Intra-device interconnect
Intra-device interconnection technologies connect internal audio components
within a given device and are not visible without disassembling the device. The
HAL implementer may need to be aware of these, but not the end user. For details
on intra-device interconnections, refer to the following articles:
Audio Signal Path
Audio signal path terms relate to the signal path that audio data follows from
an application to the transducer or vice-versa.
- ADC
-
Analog-to-digital converter. Module that converts an analog signal (continuous
in time and amplitude) to a digital signal (discrete in time and amplitude).

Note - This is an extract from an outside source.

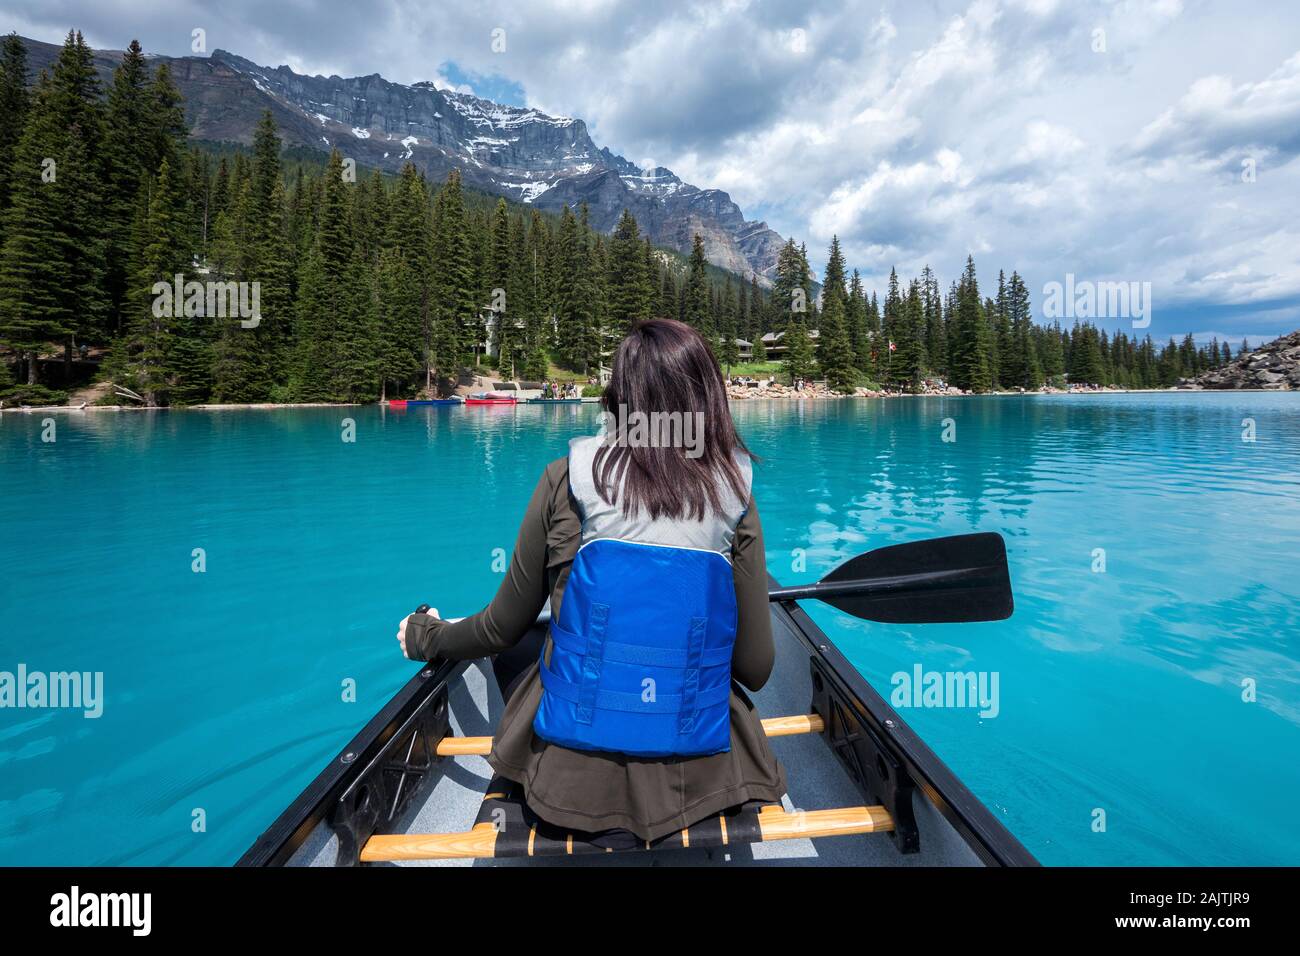 Tourist canoeing on Moraine Lake during summer in Banff National Park, Canadian Rockies, Alberta, Canada. Stock Photo
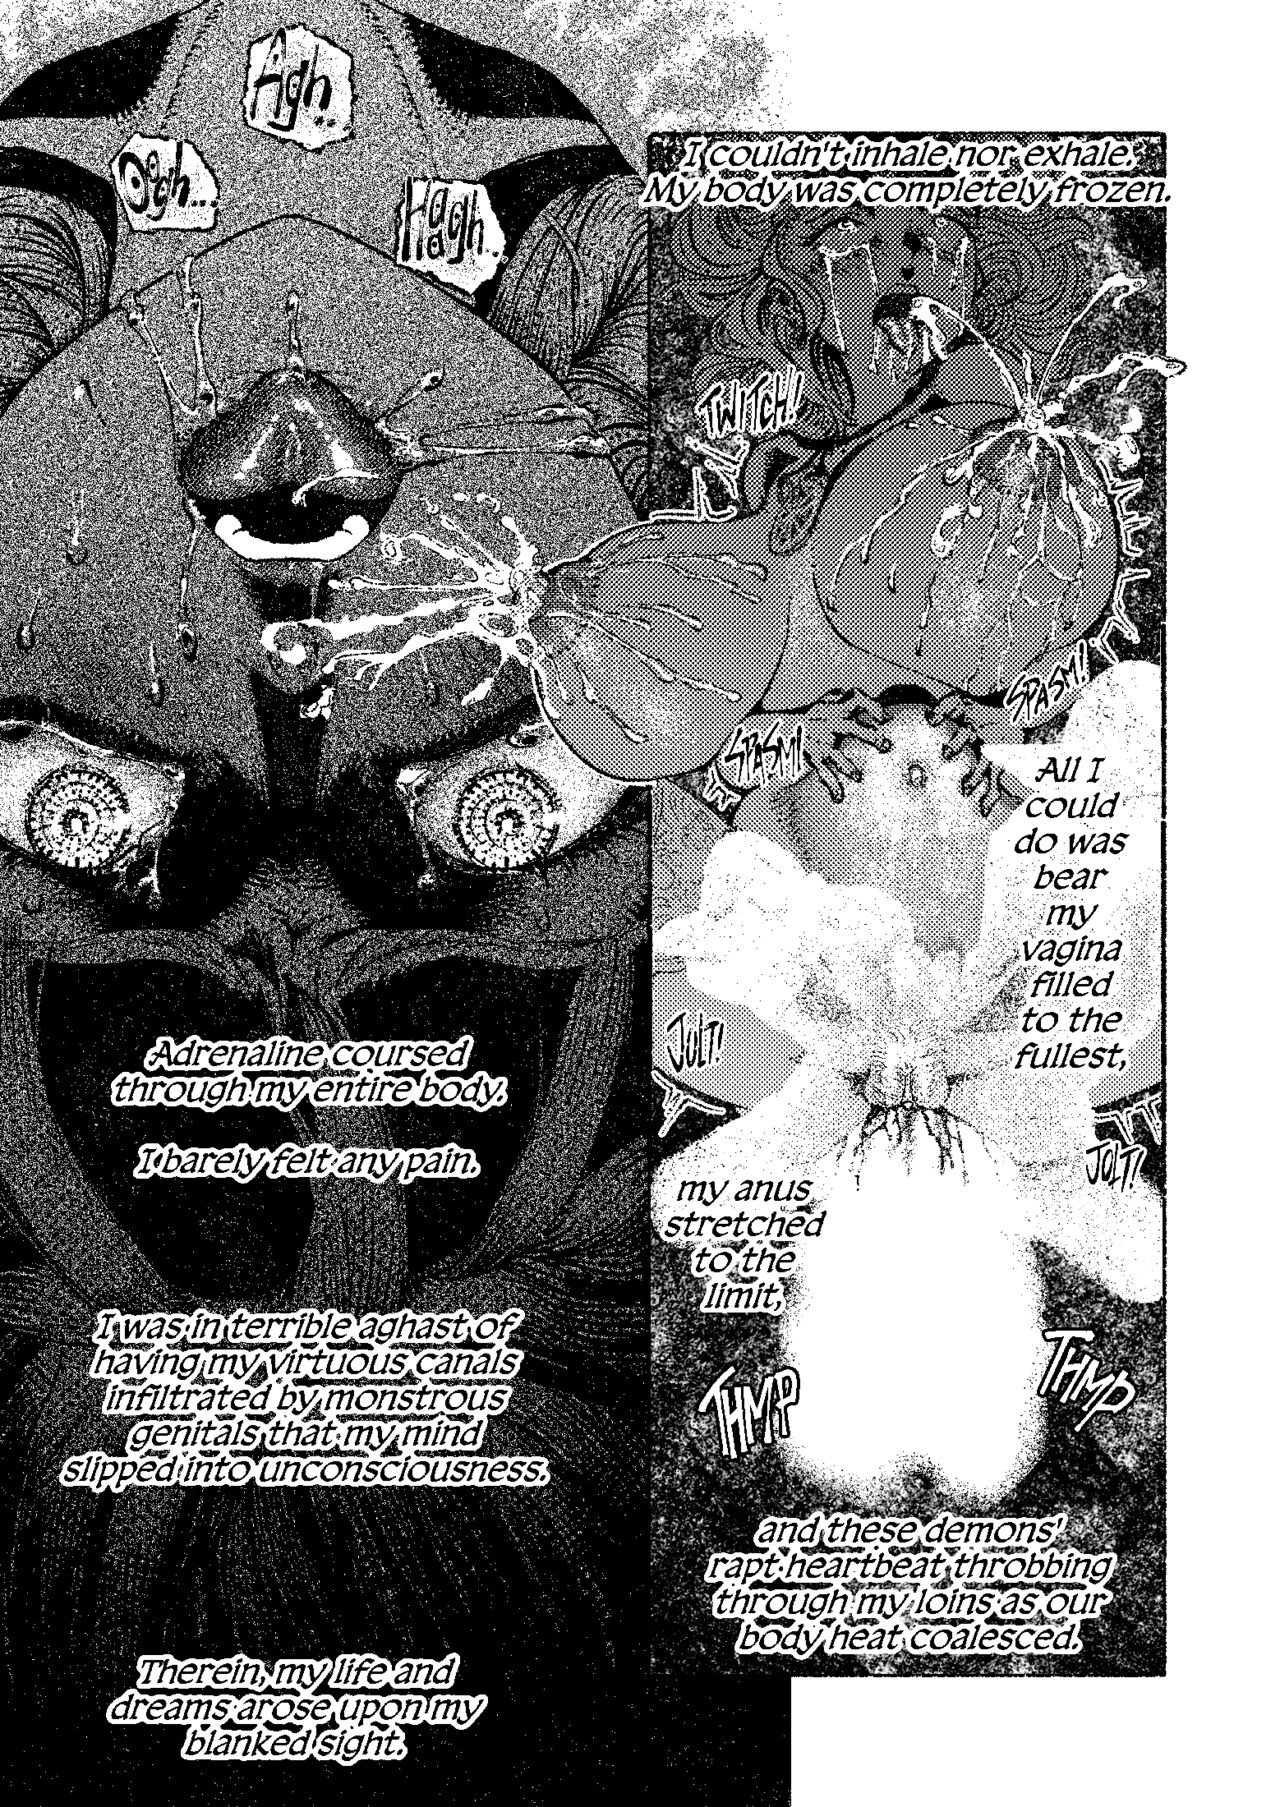 [Edrix3] The Record of Greened Pearls ~The Bestial Gangbang of a Buxomly Senxual Acolyte Girl~ (Goblin Slayer) 10

Conceptually, an ADC consists of a periodic sample-and-hold followed by a
quantizer, although it does not have to be implemented that way. An ADC is
usually preceded by a low-pass filter to remove any high frequency components
that are not representable using the desired sample rate. For details, refer to
Analog-to-digital
converter.
- AP
-
Application processor. Main general-purpose computer on a mobile device.
- codec
-
Coder-decoder. Module that encodes and/or decodes an audio signal from one
representation to another (typically analog to PCM or PCM to analog). In strict
terms, codec is reserved for modules that both encode and decode but
can be used loosely to refer to only one of these. For details, refer to
Audio codec.
- DAC
-
Digital-to-analog converter. Module that converts a digital signal (discrete in
time and amplitude) to an analog signal (continuous in time and amplitude).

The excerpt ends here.